Can An Optional Parameter Be Null In TypeScript?


Answer :

To answer my own question after trying...

The types null and undefined are handled as separate types. The optional type is special, also allowing arguments to be left out of function calls.

1. Without a union or optional, nothing except the type itself is allowed.

function foo(bar: string) {     console.info(bar); }  foo("Hello World!"); // OK foo(null); // Error foo(undefined); // Error foo() // Error

2. To additionally allow null, a union with null can be made.

function foo(bar: string | null) {     console.info(bar); }  foo("Hello World!"); // OK foo(null); // OK foo(undefined); // Error foo() // Error

3. Allowing undefined works similarly. Note that the argument cannot be left out or null.

function foo(bar: string | undefined) {     console.info(bar); }  foo("Hello World!"); // OK foo(null); // Error foo(undefined); // OK foo() // Error

4. You can also allow both, but the argument MUST still be given.

function foo(bar: string | null | undefined) {     console.info(bar); }  foo("Hello World!"); // OK foo(null); // OK foo(undefined); // OK foo() // Error

5. With optional you can leave the argument out, or pass undefined, BUT NOT null.
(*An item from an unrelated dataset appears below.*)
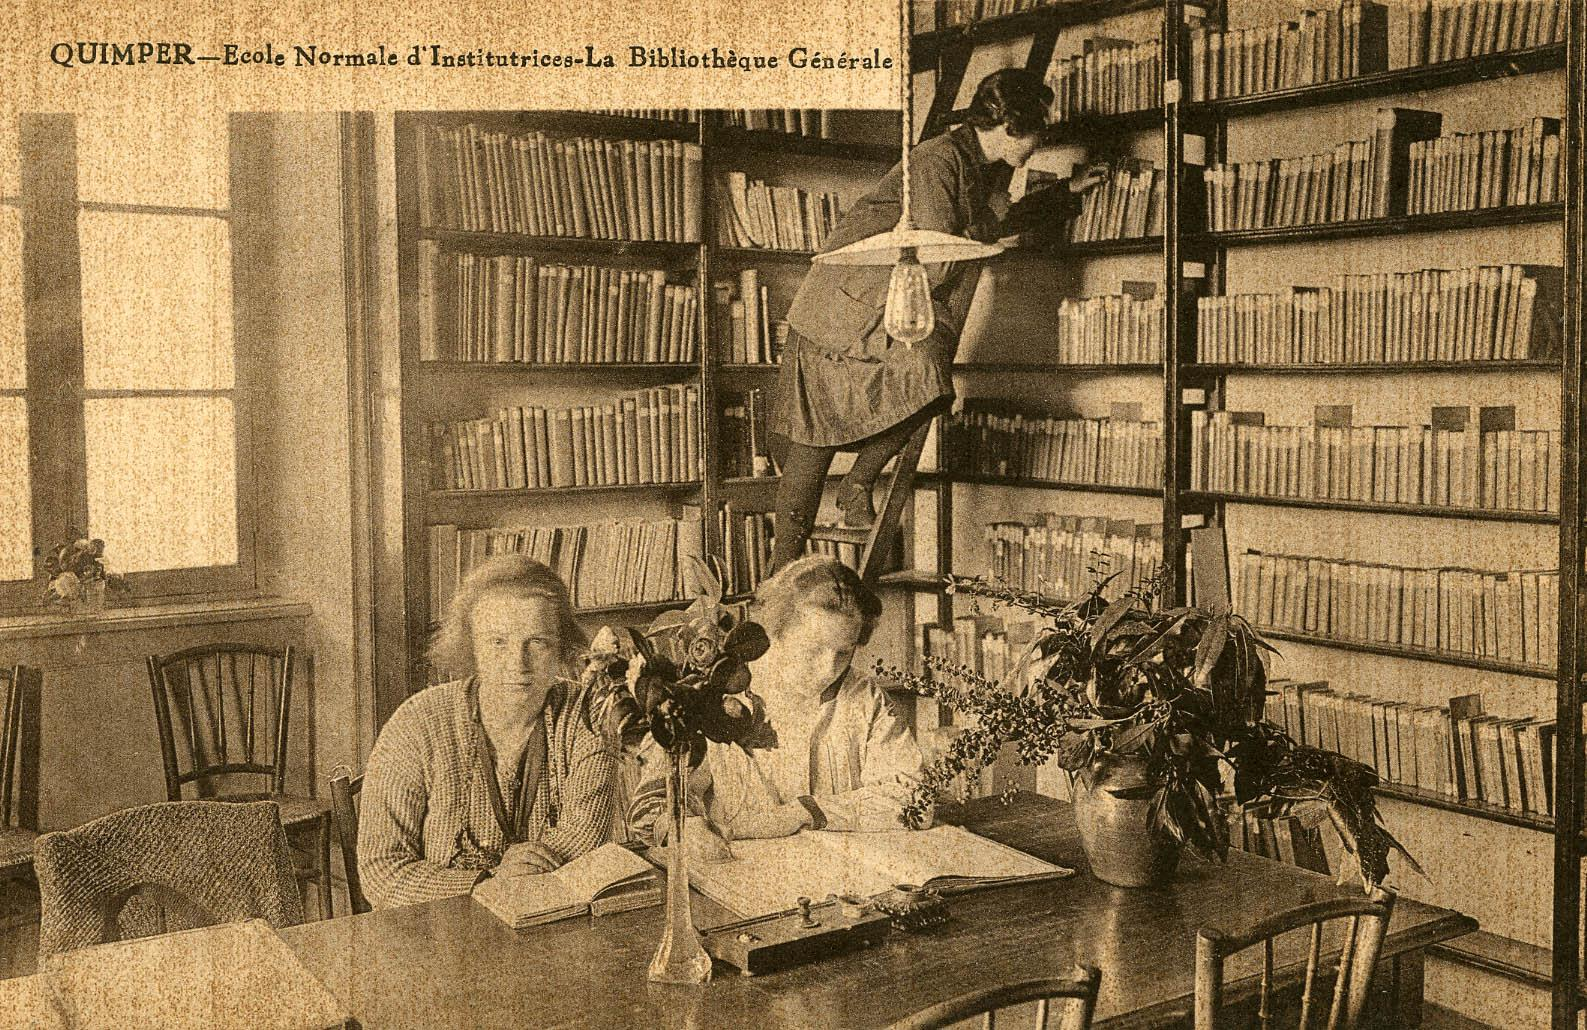 enf-bibliotheque-generale

function foo(bar?: string) {     console.info(bar); }  foo("Hello World!"); // OK foo(null); // Error foo(undefined); // OK foo() // OK

6. To allow all three special cases, optional and null can be combined.
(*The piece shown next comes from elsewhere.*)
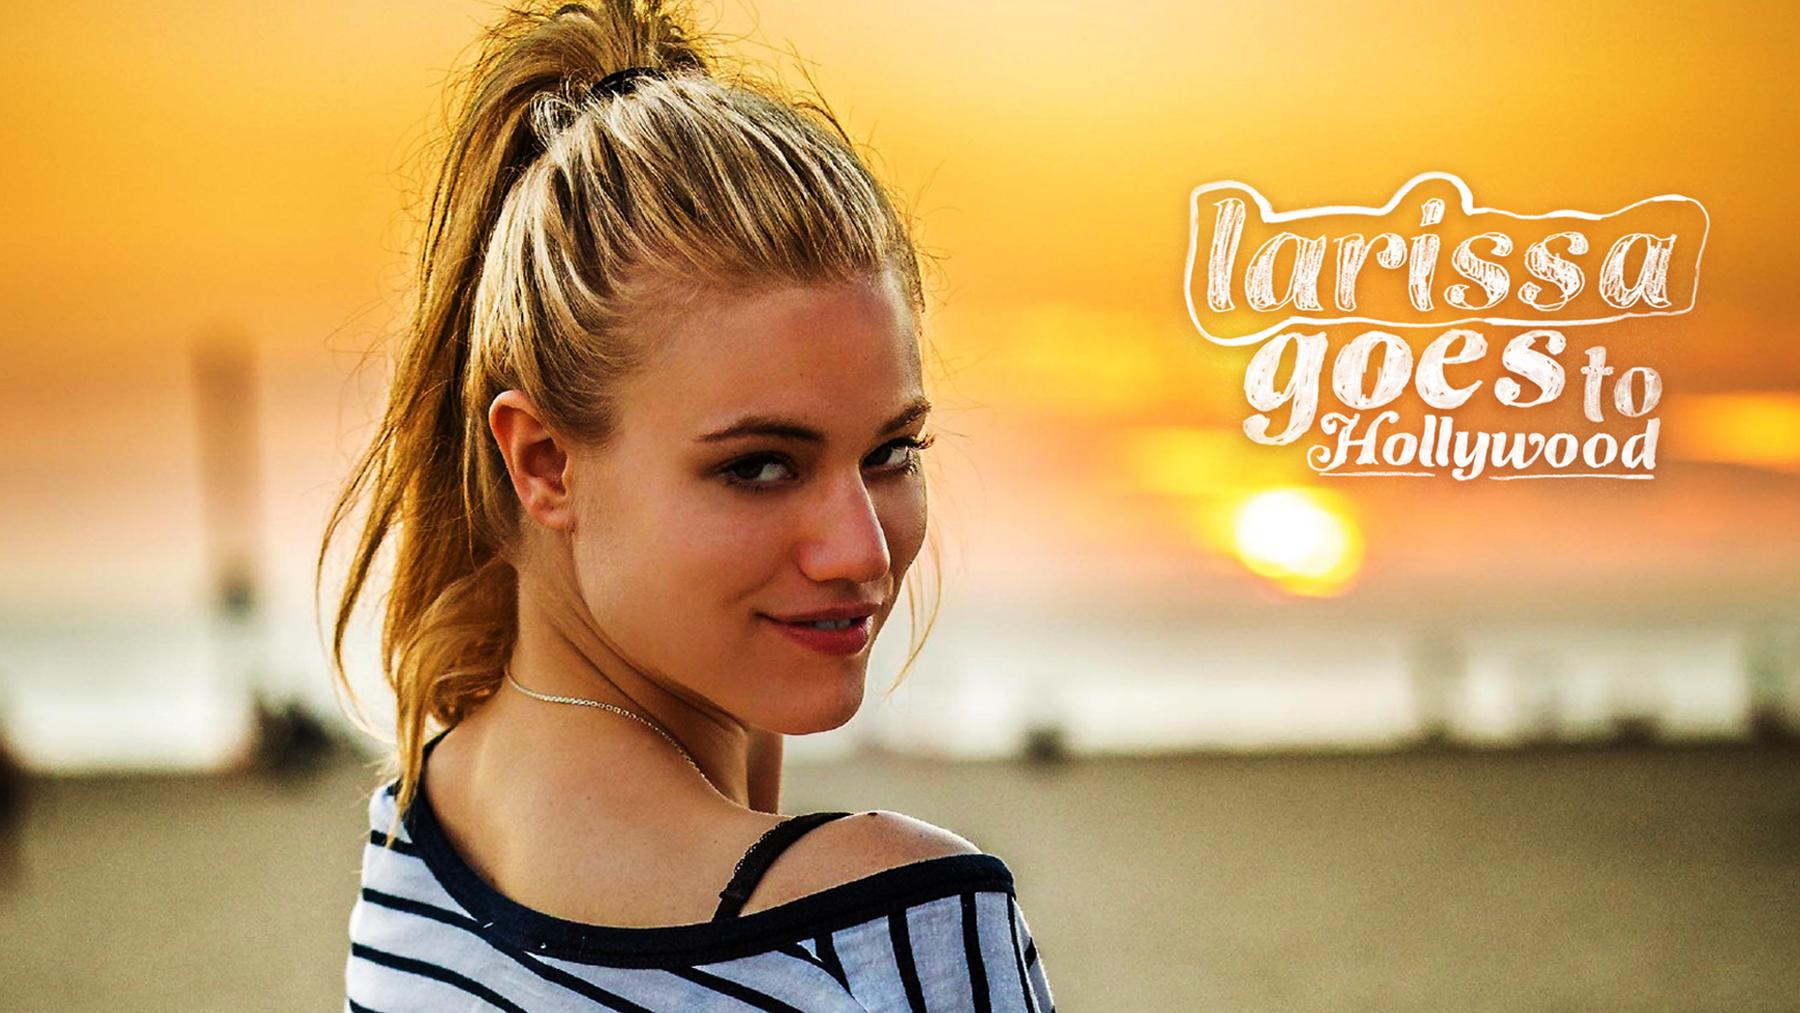 Larissa goes to Hollywood

function foo(bar?: string | null) {     console.info(bar); }  foo("Hello World!"); // OK foo(null); // OK foo(undefined); // OK foo() // OK

Also, optional is only usable in parameter or other type declarations, such as interfaces, not on regular variables. As it would make no sense to leave out the value of a variable when assigning to it.

Thus,

let d?: string;

would make no sense and results in a compilation error.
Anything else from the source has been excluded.